Il palmo della mia mano reggeva il mento, mentre guardavo fuori dal finestrino le nuvole nere mischiate con la notte che sembravano venire verso di noi offuscando completamente la luce delle stelle.

C'era uno strano silenzio, Alyssa guardava fuori dal finestrino opposto al mio senza fiatare, Johnatan guardava il telefono e  Aidan guidava tranquillo, i gradi dell'alcol per fortuna non compromettevano in alcun modo la sua guida.

Quando arrivammo a casa mi affrettai a scendere dall'auto che Il ragazzo mantenne in moto, probabilmente con l'intento di andare a parcheggiarla a casa sua.
"Ci vediamo  domani quindi?" La voce di Aidan mi fece rizzare le orecchie, probabilmente si stava riferendo a mio fratello.
Non volli sentire la risposta, probabilmente non mi sarebbe piaciuta, così, mi rivolsi ad Alyssa che nel frattempo era rimasta in macchina con il finestrino abbassato.
"Aly tutto bene?"
"Si" rispose, limitandosi a farmi un fievole sorriso che mi fece insospettire ancora di più, pure il blu dei suoi capelli sembrava spento.
Magari era solo stanca.
"Eira intanto puoi andare ad aprire casa?" Disse Johnatan lanciandomi le chiavi che presi al volo. Annuii e salutai Alyssa che rimase seduta sul sedile. 

"Che ha Alyssa?" Chiesi a mio fratello una volta che entrò in casa, fortunatamente da solo. Si tolse la giacca della Nike per appenderla all'attaccapanni all'entrata con una lentezza che non gli apparteneva, come se stesse riflettendo sulla risposta, eppure non mi sembrava una domanda complessa.
"Ha incontrato un ragazzo che non voleva incontrare al bar"
"Un suo ex?"
"Se così si può definire..." mi superò per andare verso le scale per farmi intendere che non voleva continuare la conversazione.
Ultimamente é così strano.

Lo seguii imperterrita, volendo andare più a fondo nella questione. Se avessi capito il motivo di questo suo drastico cambiamento di umore, magari l'avrei potuta aiutare.
"In che senso? Era un suo ex o no?"
Si bloccò e quasi non andai a sbattere sulla sua schiena. Senza girarsi mi rispose.
"Non dire niente a Aidan"
"Ma chi ci vuole parlare con lui?" cercai di usare un tono ironico, ma non lo divertí affatto, anzi sembrò innervosirlo.
"Non hai risposto alla mia domanda" sapevo di star buttando benzina sul fuoco, ma volevo sapere se c'era qualcosa che potessi fare.
"Si un suo ex"
"Senti Eira, conosco Alyssa quasi tanto quanto Aidan, non gli serve l'aiuto di nessuno, se é questo quello che stai pensando"
"Ma..."
"Niente ma, per favore, domani vedrai che sarà come sempre"
Senza lasciarmi il tempo di pensare a cosa dire, chiuse la porta del bagno alle sue spalle, confondendomi ulteriormente.
Anche tu sembri aver visto qualcosa che non va, John.

*
Il mattino seguente era il primo sabato che passavo ad Annapolis contando che ero arrivata solo la domenica prima. Solitamente nella mia vecchia cittadina, nel week end le strade erano chiuse a causa di un grande mercato che si estendeva per moltissimi metri, colmo di fiori, vestiti, cibo e oggettistica.
Mi alzai da letto pronta per andare a vestirmi, mi era saltata alla mente una cosa. Avrei potuto andare a vedere se quel piccolo negozio in fondo alla via era aperto, d'altronde non avevo altro da fare, andare a vedere non mi sarebbe costato nulla.
Guardai fuori dalla finestra, le nuvolone nere di ieri non se ne andarono, anzi, corpivano il sole facendo diventare l'aria più fresca.

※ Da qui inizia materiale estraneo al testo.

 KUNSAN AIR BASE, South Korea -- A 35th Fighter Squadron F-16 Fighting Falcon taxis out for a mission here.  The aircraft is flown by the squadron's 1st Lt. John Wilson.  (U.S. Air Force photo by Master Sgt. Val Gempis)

Mi misi una felpa molto leggera con il cappuccio in caso di pioggia e senza far troppo rumore mi avviai verso la porta di casa. Probabilmente Johnatan stava ancora dormendo e non avrei voluto svegliarlo. Quando è venuto a salutarmi ieri non aveva ancora una buona cera.
Mi feci una coda velocemente mentre scendevo gli scalini per poi incamminarmi per il vialetto, verso la strada.
In pochi minuti svoltai l'angolo per noi entrare in una piccola via che ospitava molte piantine che crescevano dalle mattonelle delle pareti un po' umide.

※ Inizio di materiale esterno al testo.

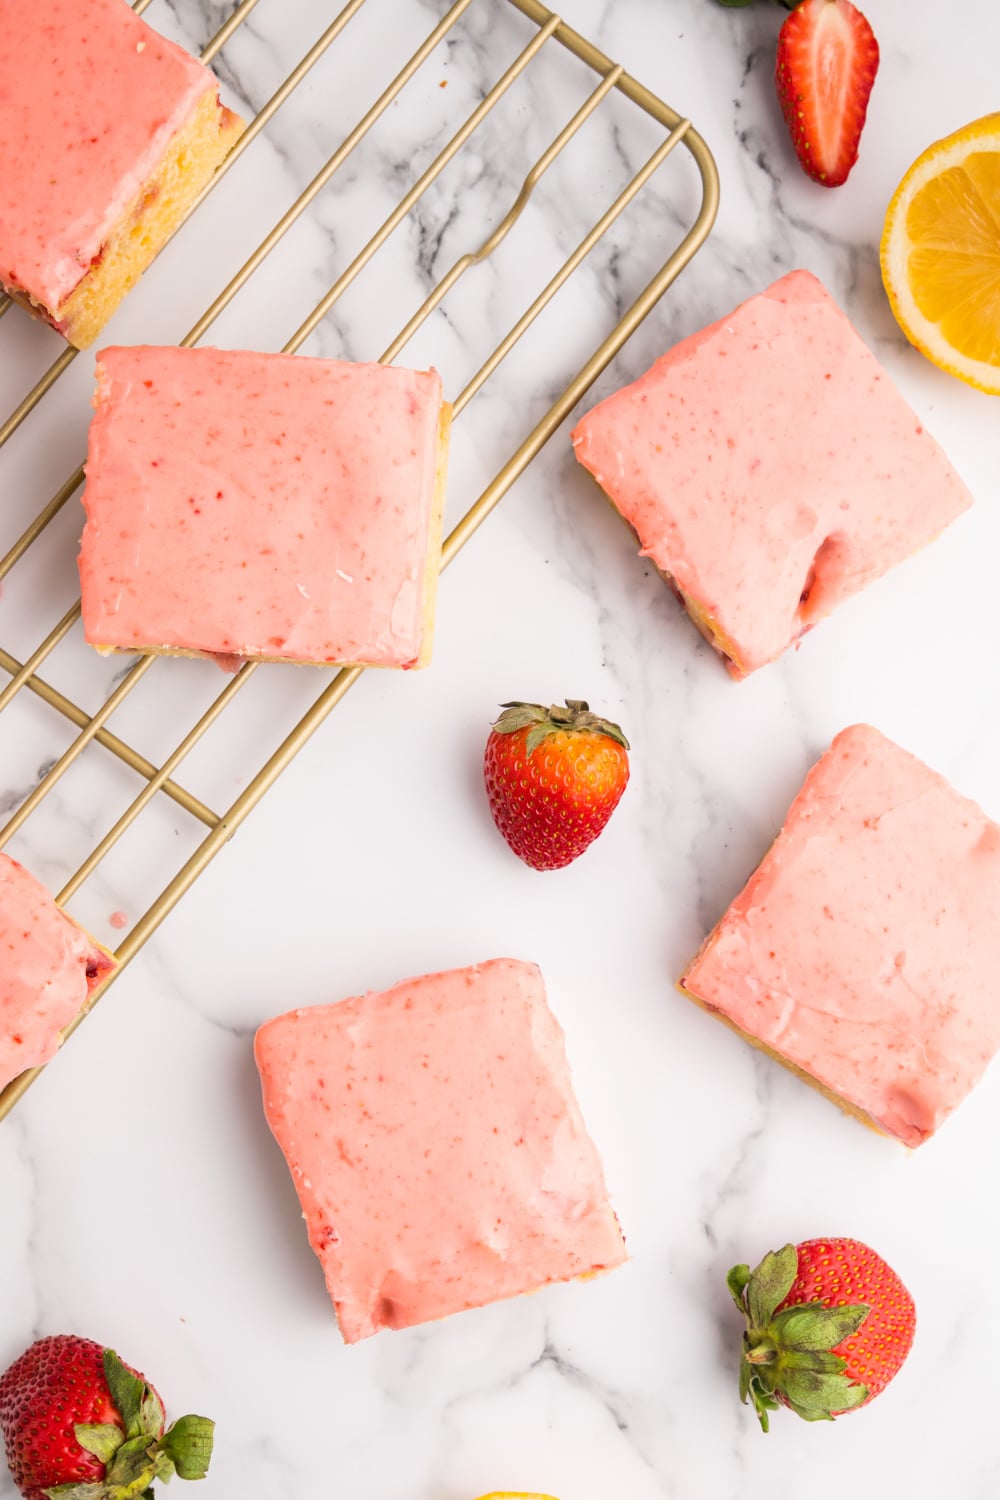 Strawberry Blondies with frosting on a cooling rack resting on a white marble countertop.

Andai verso il piccolo negozio e questa volta, a differenza dell'ultima, una piccola luce era accesa. Misi una mano sulla maniglia, bloccandomi appena entrai in contatto con essa, il mio cuore prese a battere più velocemente del normale facendomi mollare la presa dal metallo ghiacciato.
Era solo un po' di ansia, quindi, decisi di ignorarlo e spinsi la grande porta cigolante con decisione, rivelando un mondo non visibile da dietro le vetrate scure.
Rimasi a bocca aperta,affascinata da quel posto: le pareti erano coperte da scaffali contenenti oggetti Vintage di ogni tipo buttati a vanvera, alcuni mobili colorati erano tappezzati da centinaia di pennelli vissuti, sporchi di vernice. Al centro della stanza tre tele che sembravano in fase di progettazione.  In alcuni angolo invece, degli animali infangati nel legno erano abbandonati tra le ragnatele. Alla mia sinistra c'era un bancone con dietro tantissimi cassettini con dei vari prezzi, intuii che dentro vi erano colori o pennelli, ma più che un negozio, sembrava un'antica bottega ancora in utilizzo.
Il cuore ricominciò a pompare.
"Salve, come posso aiutarla?" una voce roca e impastata mi fece posare l'attenzione su un telo viola che rivelò la figura di un uomo sulla settantina, con una lunga barba bianca e una camminata zoppicante.
Posò sul bancone una tela pulita e ancora sigillata per poi posare lo sguardo su di me. Credetti di aver qualcosa che non andava, quando si mise una mano in testa e spalancò gli occhi e la bocca.

"Santo paradiso" sussurrò tra i baffi bianchi per poi fare un passo verso di me, senza battere ciglio.
"No non è possibile Oliver" disse fra se e se, voltandomi le spalle come se volesse andarsene da dove era venuto, poi ci ripensò e si girò di nuovo verso di me visibilmente agitato, cercando di lisciare il grembiule sporco di arancione e rosso.
Continuava a accelerare.
"Tutto bene signore?" Mi limitai a dire guardandolo visibilmente preoccupata.
"Signorina mi scusi molto" si limitò a dire con il fiato corto mentre con la stoffa che aveva legata in vita, si asciugava il sudore dalla fronte.
"Mi sembrava di... non fa nulla"  sorrise nervosamente posizionandosi al di là del bancone distogliendo lo sguardo su di me.
"Ha bisogno di qualcosa?" Chiese, passandosi una mano sulla barba continuando ad analizzarmi come se fossi un fantasma.
"Si, un pennello fine"
"Certo, certo" sussurrò aprendo vari cassettini alle sue spalle per tirare fuori due tipologie di pennelli.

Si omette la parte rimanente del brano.